June 29: "Across New York, workers in patient services at hospitals have had to figure out what to do with the thousands of cellphones, chargers, walkers, canes, hearing aids, dentures, glasses, clothing, shoes, wallets, Bibles, jewelry, among other items, that have been left behind by patients who have died after contracting Covid-19."

June 29: "The type of threat that the Yemeni doctor experienced at his hospital is unfortunately "quite typical" around the world, Wille said. The doctor estimates that at his Aden hospital a family member of a patient threatens a health worker with a gun or some kind of violence about three times a week."

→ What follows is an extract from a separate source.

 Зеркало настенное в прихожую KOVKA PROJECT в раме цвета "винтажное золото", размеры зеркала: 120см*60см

July 11: "We cared for a 30-year-old patient at Methodist Hospital who told their nurse that they had attended a 'COVID party.' ... Just before the patient died, they looked at their nurse and said 'I think I made a mistake. I thought this was a hoax, but it's not.'"

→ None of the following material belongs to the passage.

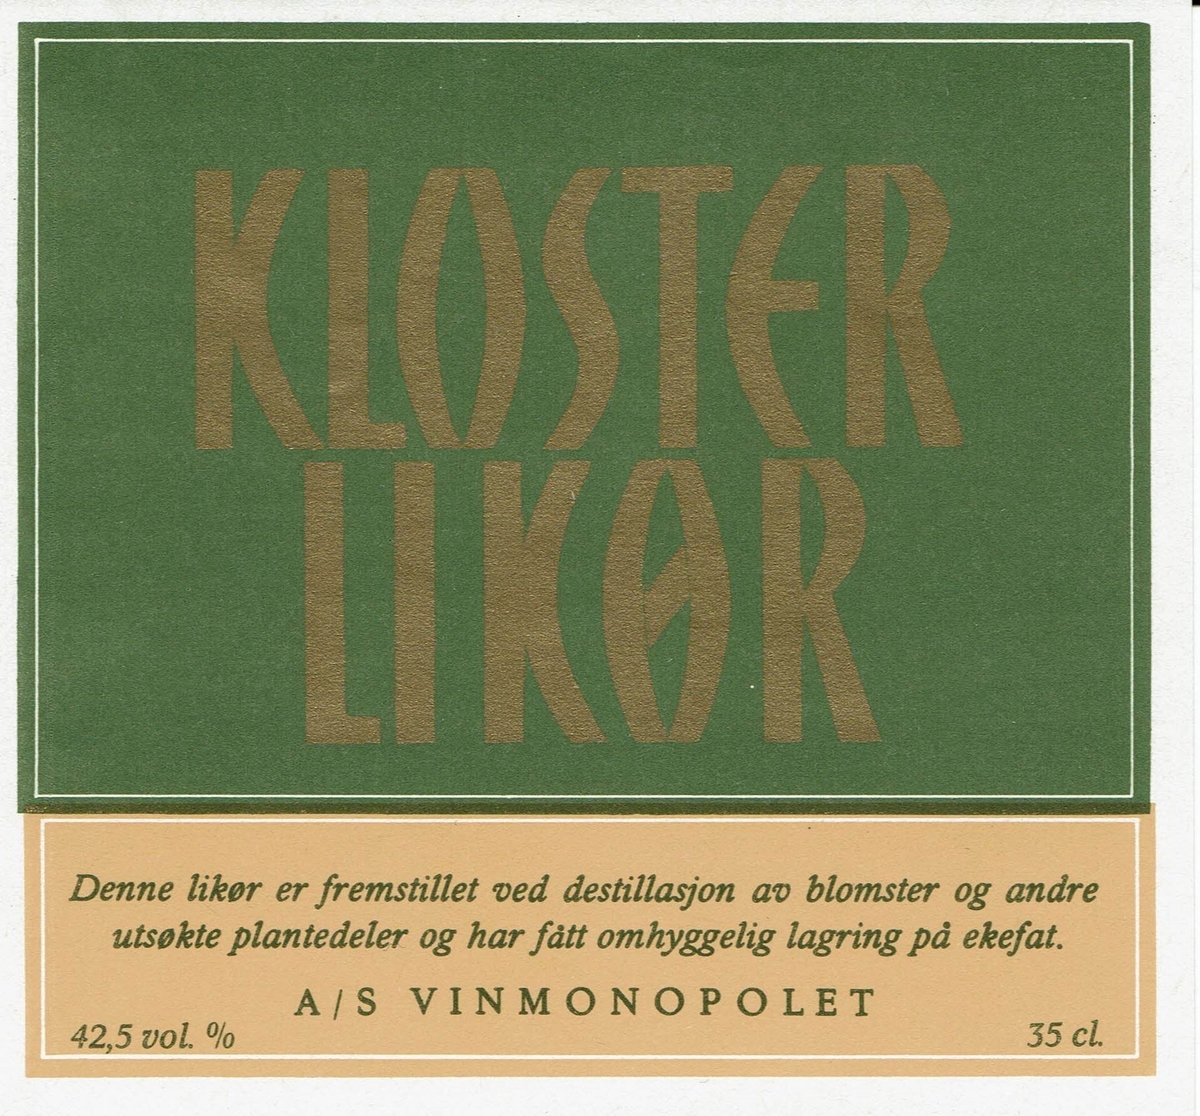 Kloster Liikør. A/S Vinmonopolet. Denne likør er fremstillet ved destillasjon av blomster og andre utsøkte plantedeler og har fått omhyggelig lagring på ekefat.

July 22: "Texas-based Starr County Memorial Hospital, implemented an ethics committee and a triage committee to review incoming COVID-19 patients [...] The committees will determine what type of treatment patients will likely require and whether they are likely to survive. Those deemed too fragile, sick or elderly will be advised to go home."

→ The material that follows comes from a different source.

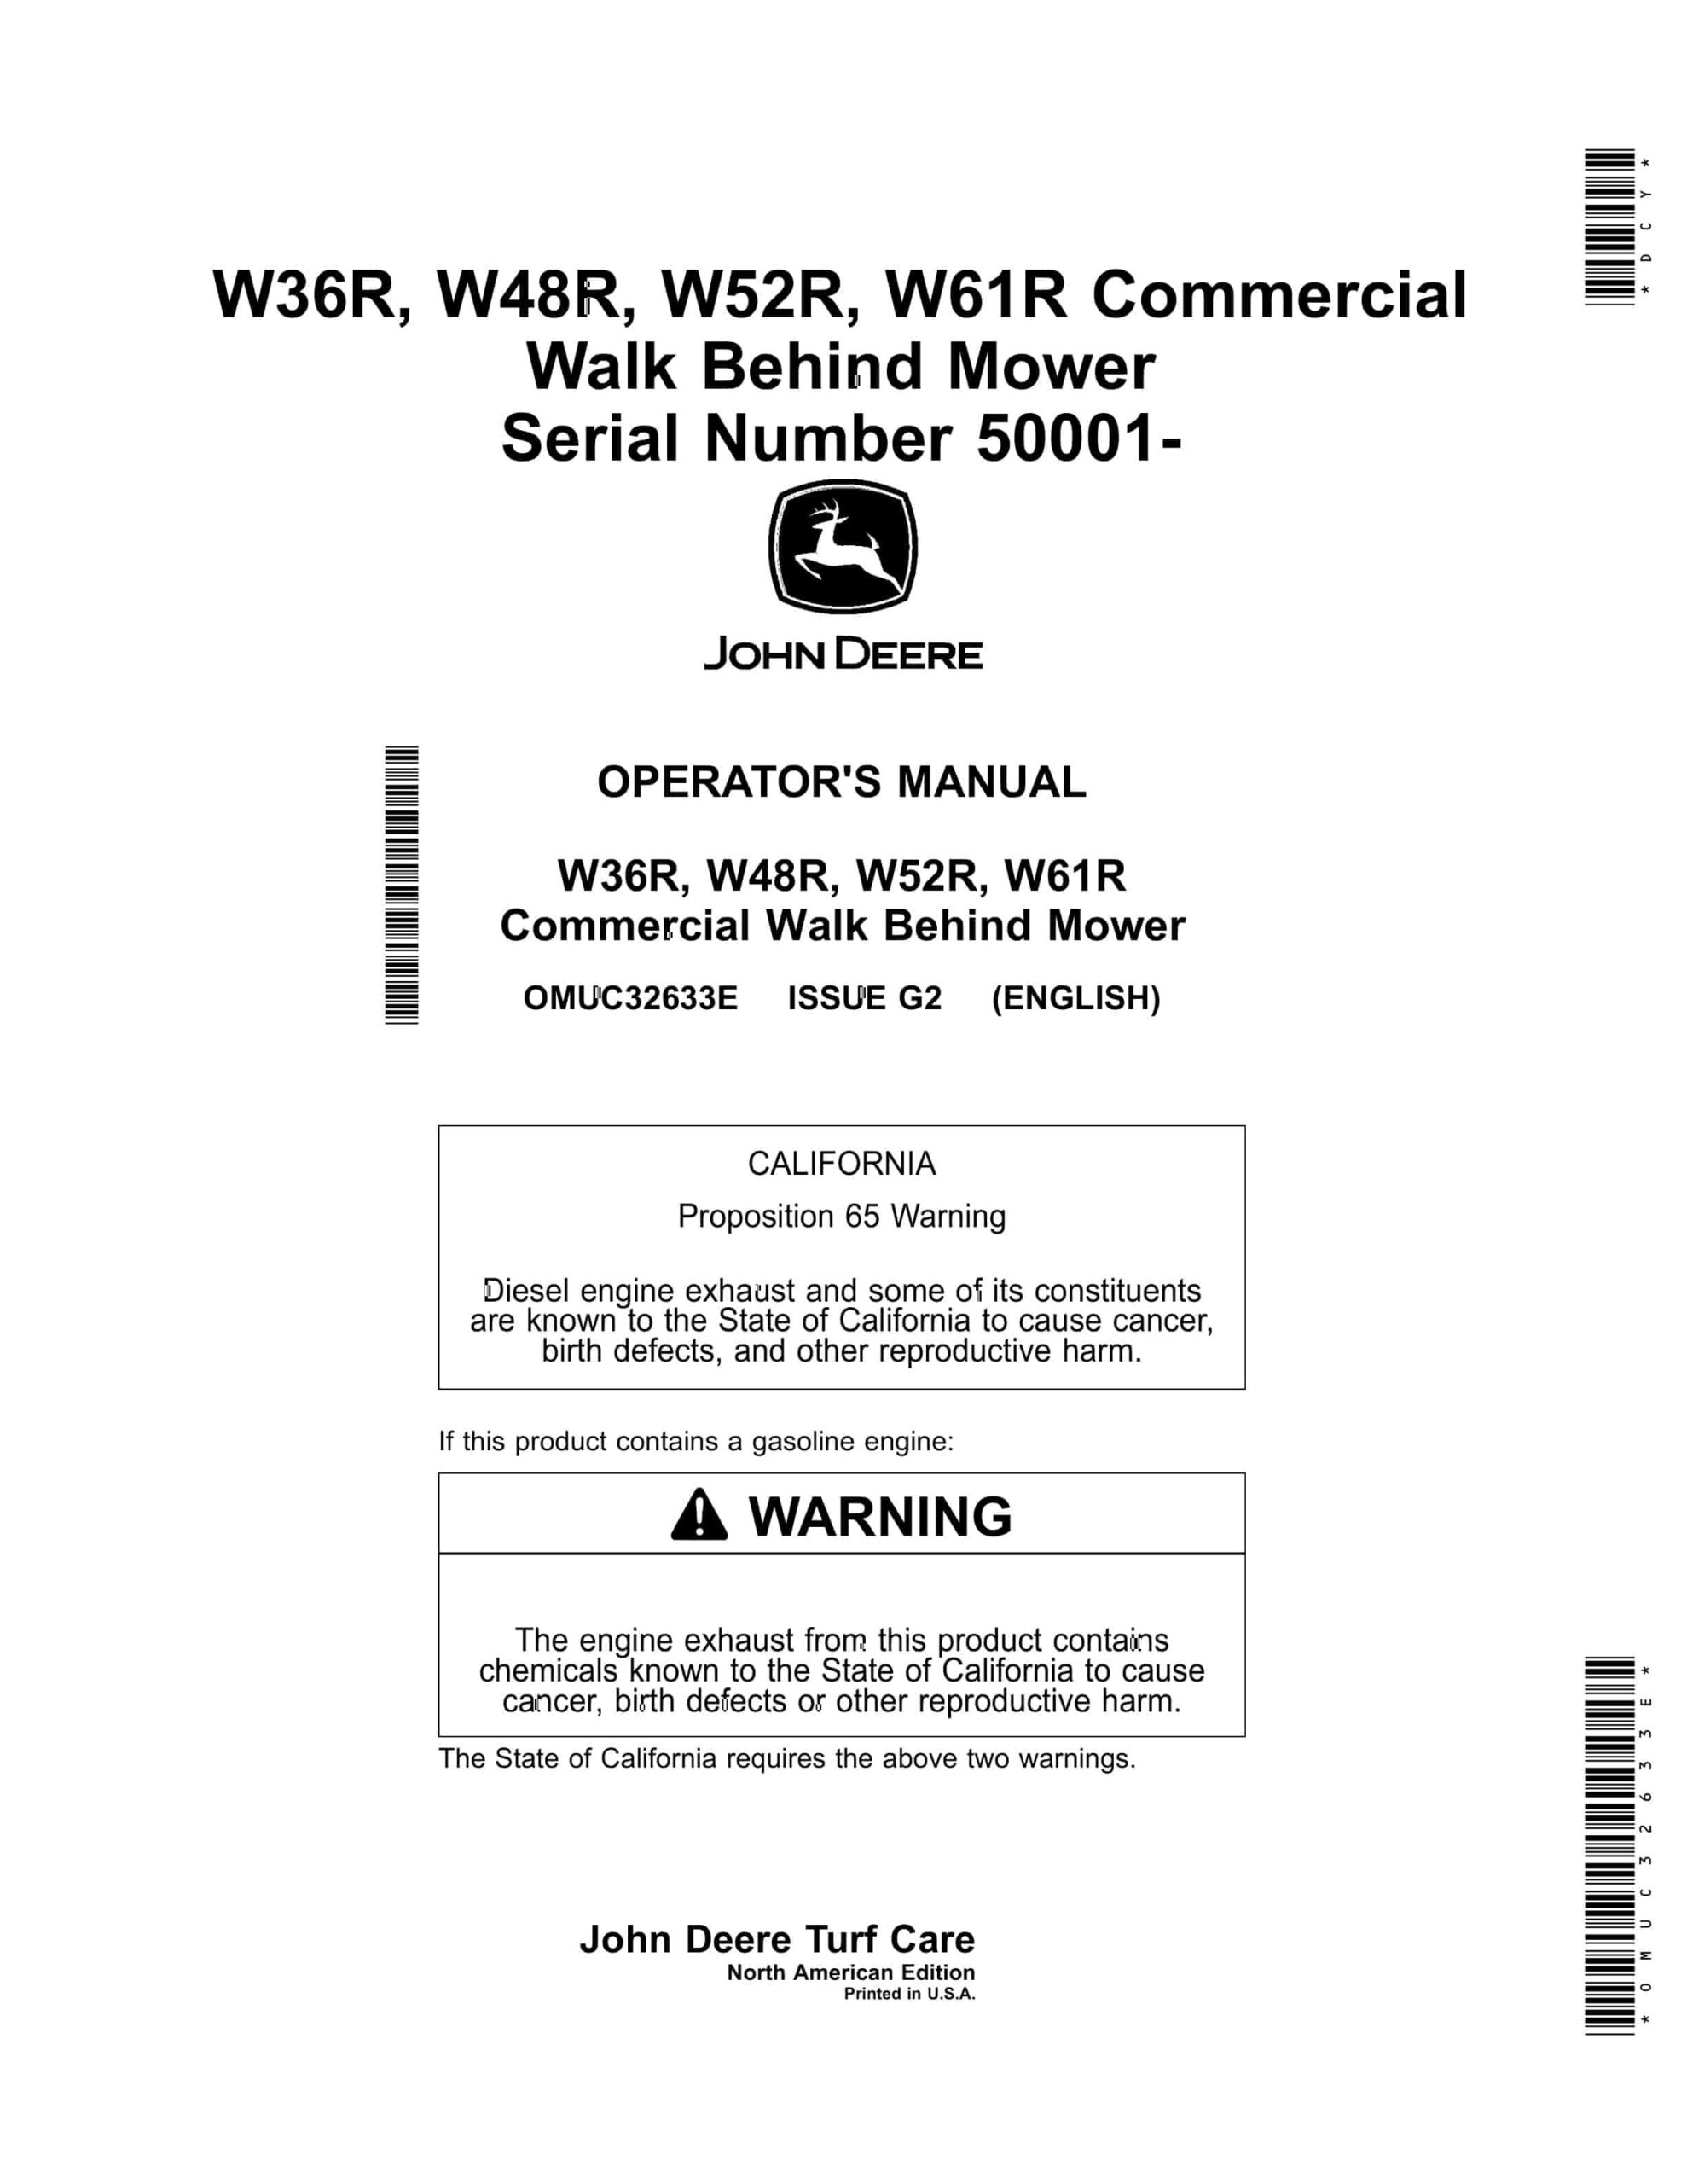 John Deere W36R, W48R, W52R, W61R Commercial Walk Behind Mower Operator Manual OMUC32633E-1

July 23, scathing commentary from The Onion: "Officials in Florida and other states have also criticized the hoax’s participants for the breaking point recently reached by overburdened county morgues."

July 24: "My father-in-law’s mother was admitted a day later. On July 1, she died of COVID-19/pneumonia. [...] On the day of her funeral, which was July 14, five more of our family members tested positive for the virus. That evening, my father-in-law was put on a ventilator. You cannot imagine the guilt I feel, knowing that I hosted the gathering that led to so much suffering. You cannot imagine my guilt at having been a denier, carelessly shuffling through this pandemic, making fun of those wearing masks and social distancing."

July 28: "In Paris, a recent study found that none of the city’s 150 coronavirus clusters from early May to early June originated on the city’s transit systems, Le Parisien newspaper reported. [...] It’s a similar situation in Japan, where researchers failed to connect a single cluster to the country’s commuter trains." Public transport is turning out to be lower-risk than feared.

August 5: "In a mixed general population, a true blood oxygen saturation of 88 percent would, on average, produce a pulse ox reading of 89 to 90 using the most common meter in hospitals. In that case, guidelines would correctly suggest going on oxygen. But Black patients, equally in crisis at 88, would get an average reading of 91—just above the intervention threshold."